The Nervous Caucus: Republican Senators and the War

June 7th, 2007 by mopns · No Comments

By Matthew Continetti (excerpted)

The most prominent Senate hawk is John McCain, but his presidential campaign often takes him away from Washington. That leaves most of the pro-war lobbying to McCain’s fellow Arizonan Jon Kyl, who is number three in the minority leadership, and South Carolina’s Lindsey Graham. Oklahoma’s Tom Coburn is also important. In February, Coburn was among the 10 Republican senators who voted against confirming Gen. George Casey, Petraeus’s predecessor, as Army chief of staff.

Among the ten anti-Casey Republicans was Missouri’s Kit Bond, the ranking member of the Senate Intelligence Committee whose son is serving in Iraq. Bond’s colleagues say he is a key player in fostering Republican support for the president’s policy. Bond is no blind follower of the president, however. He is critical of the administration’s decision to reject the original chief of the Coalition Provisional Authority, Jay Garner, in favor of Paul Bremer. He is critical of the scandal-plagued Iraqi police. And he shares in others’ frustrations with the Iraqi political class.

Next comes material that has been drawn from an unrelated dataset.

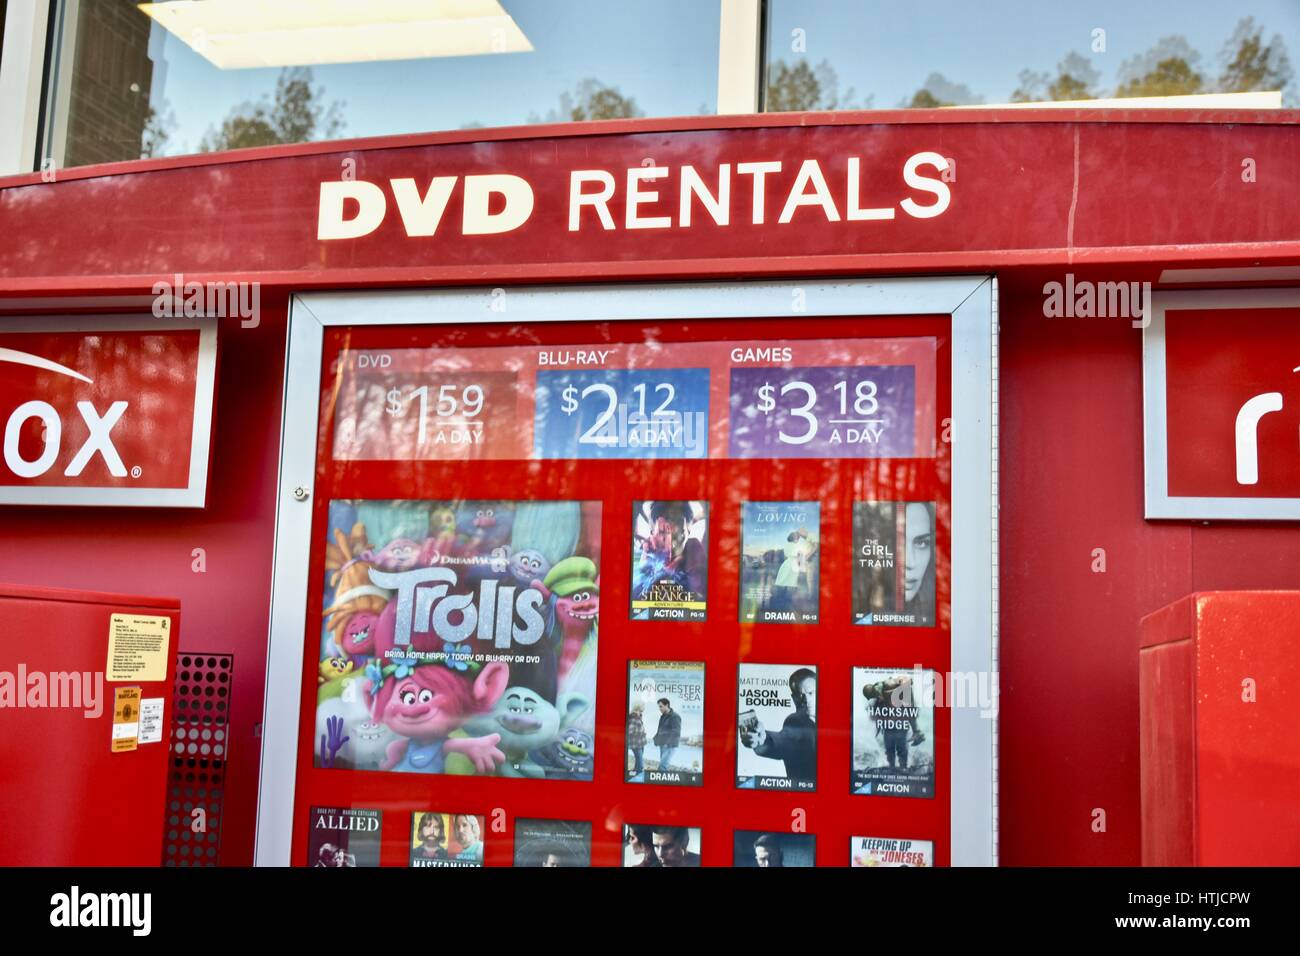 Noleggio di dvd immagini e fotografie stock ad alta risoluzione - Alamy

Yet he also says the new war strategy is showing results. In early May, Bond visited Iraq with Republican senators Saxby Chambliss of Georgia and Olympia Snowe of Maine and California GOP congressman Darrell Issa. One day the group drove into downtown Ramadi in a Cougar Mine Resistant Ambush Protected (MRAP) vehicle. Not long ago in Ramadi, al Qaeda ruled. When Bond visited, the place was–relatively speaking–quiet. Bond, his colleagues, and Maj. Gen. W.E. Gaskin–the commander of Multi-National-Force-West–along with two U.S. Marines carrying M16s, took in the old city college and visited Marines. They stood at Firecracker Corner, so called because of all the firefights that have taken place there. They saw a mosque that American soldiers had rebuilt.

Bond was amazed. To him, the progress was palpable. Months ago, a visit to Ramadi was unthinkable. But the Sunni sheikhs who dominate Anbar politics had turned against al Qaeda in Iraq and joined forces with the Americans. Things were changing.